- **TASK DETAILS**
A verbatim reproduction of the following listing is required; omit the pictures.

- **RECORDED DATA**
━━━

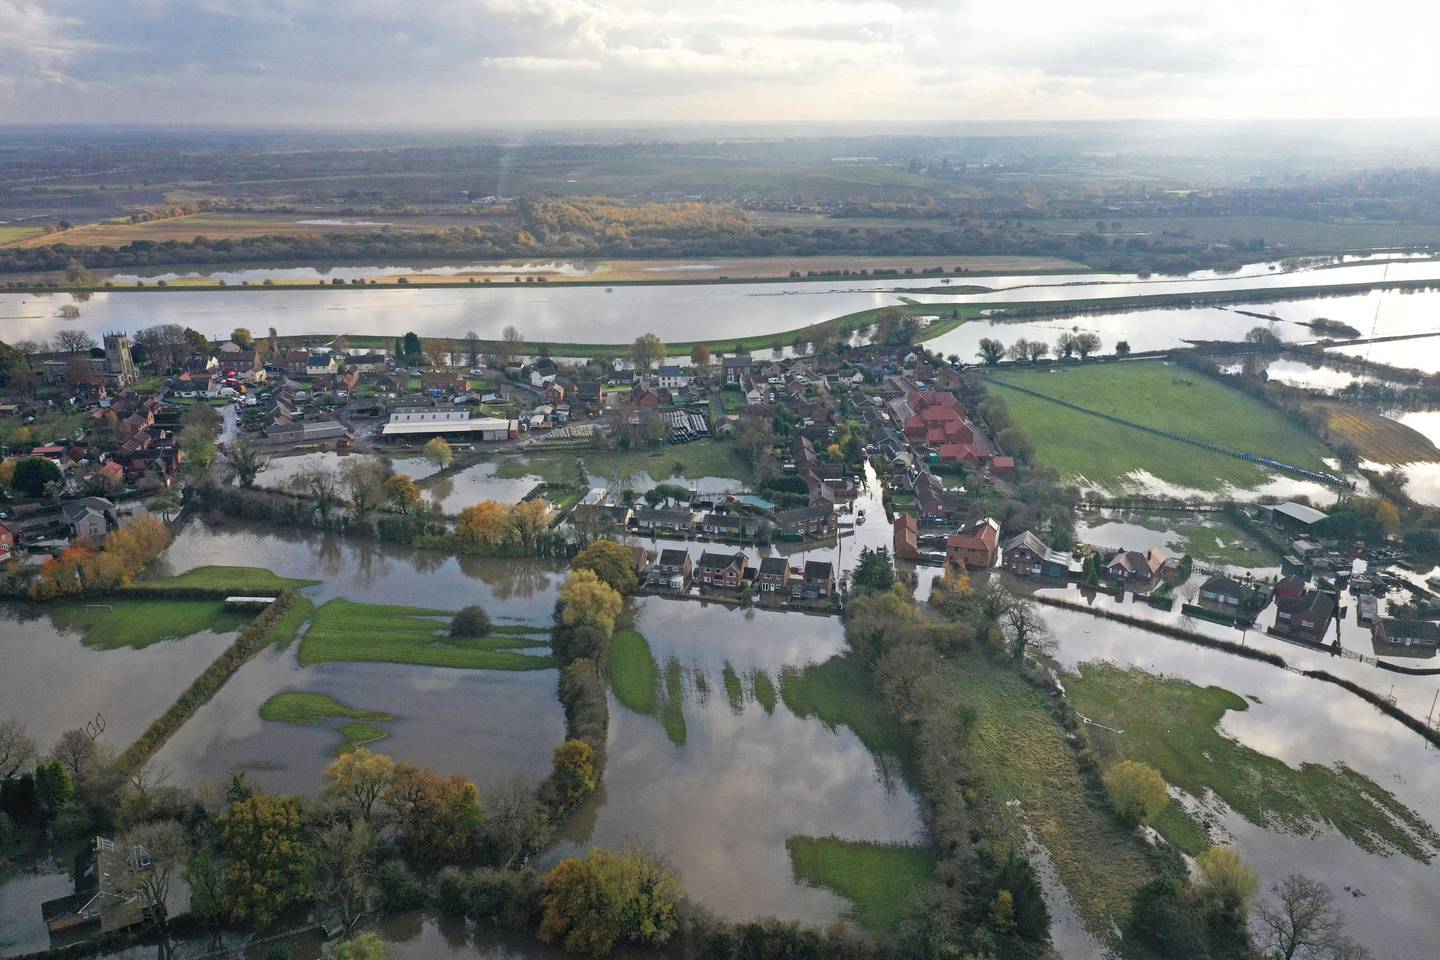 A general view of flooded homes in the village of Fishlake, South Yorkshire, England, Wednesday, Nov. 13, 2019. British Prime Minister Boris Johnson has received a frosty reception in flood-hit areas of northern England after victims of torrential rains lashed out at his slow response in coming to survey the damage.(Richard McCarthy/PA via AP)
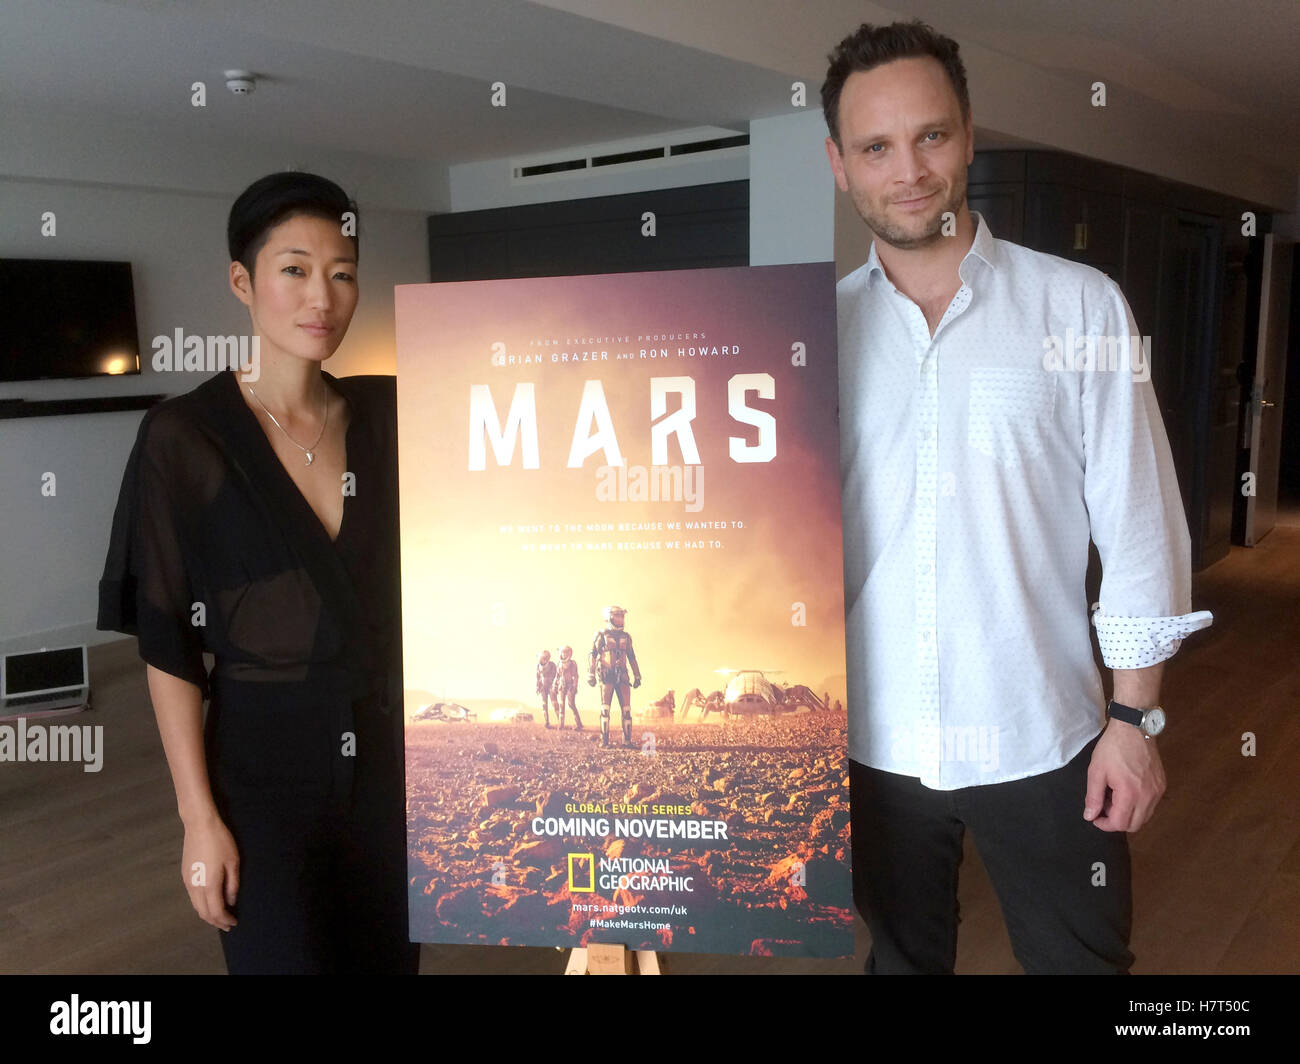 London, UK. 19th Oct, 2016. The main actors of the six-episode TV series 'MARS' of the National Geographic Channel, Ben Cotton (R) and Jihae (L) pose next to a poster in London, England, 19 October 2016. Cotton plays the character of commander Ben Sawyer, while Jihae portrays the twins Hana and Joon Seung. Photo: Katrin Kasper/dpa/Alamy Live News Stock Photo
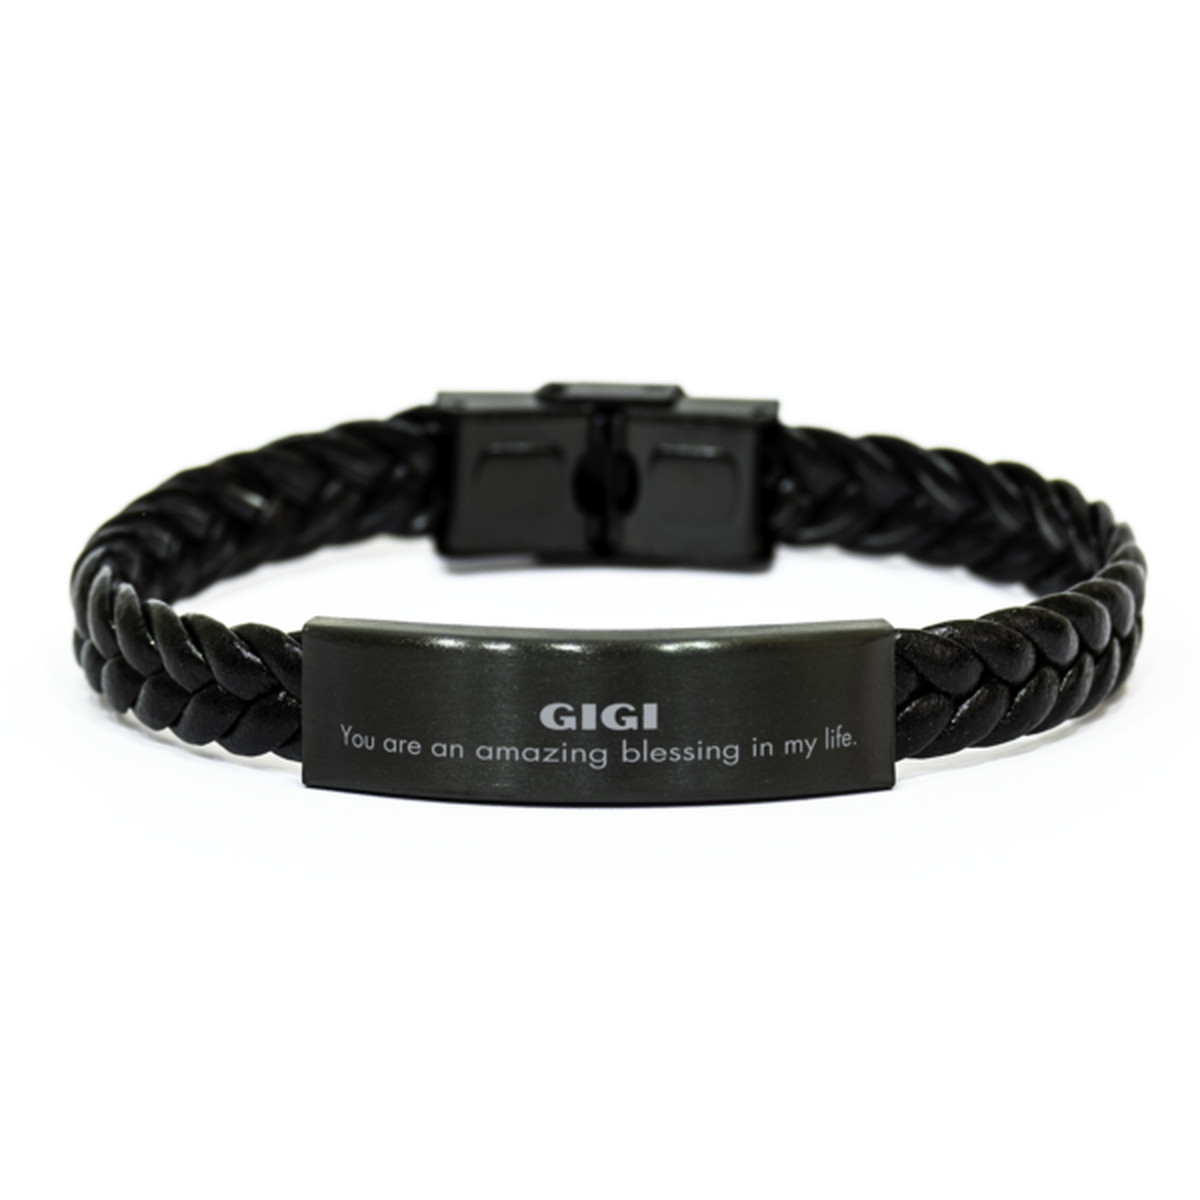 Gigi Braided Leather Bracelet, You are an amazing blessing in my life, Thank You Gifts For Gigi, Inspirational Birthday Christmas Unique Gifts For Gigi

━━━

- **EXERCISE RESPONSE**
 A general view of flooded homes in the village of Fishlake, South Yorkshire, England, Wednesday, Nov. 13, 2019. British Prime Minister Boris Johnson has received a frosty reception in flood-hit areas of northern England after victims of torrential rains lashed out at his slow response in coming to survey the damage.(Richard McCarthy/PA via AP)
 London, UK. 19th Oct, 2016. The main actors of the six-episode TV series 'MARS' of the National Geographic Channel, Ben Cotton (R) and Jihae (L) pose next to a poster in London, England, 19 October 2016. Cotton plays the character of commander Ben Sawyer, while Jihae portrays the twins Hana and Joon Seung. Photo: Katrin Kasper/dpa/Alamy Live News Stock Photo
 Gigi Braided Leather Bracelet, You are an amazing blessing in my life, Thank You Gifts For Gigi, Inspirational Birthday Christmas Unique Gifts For Gigi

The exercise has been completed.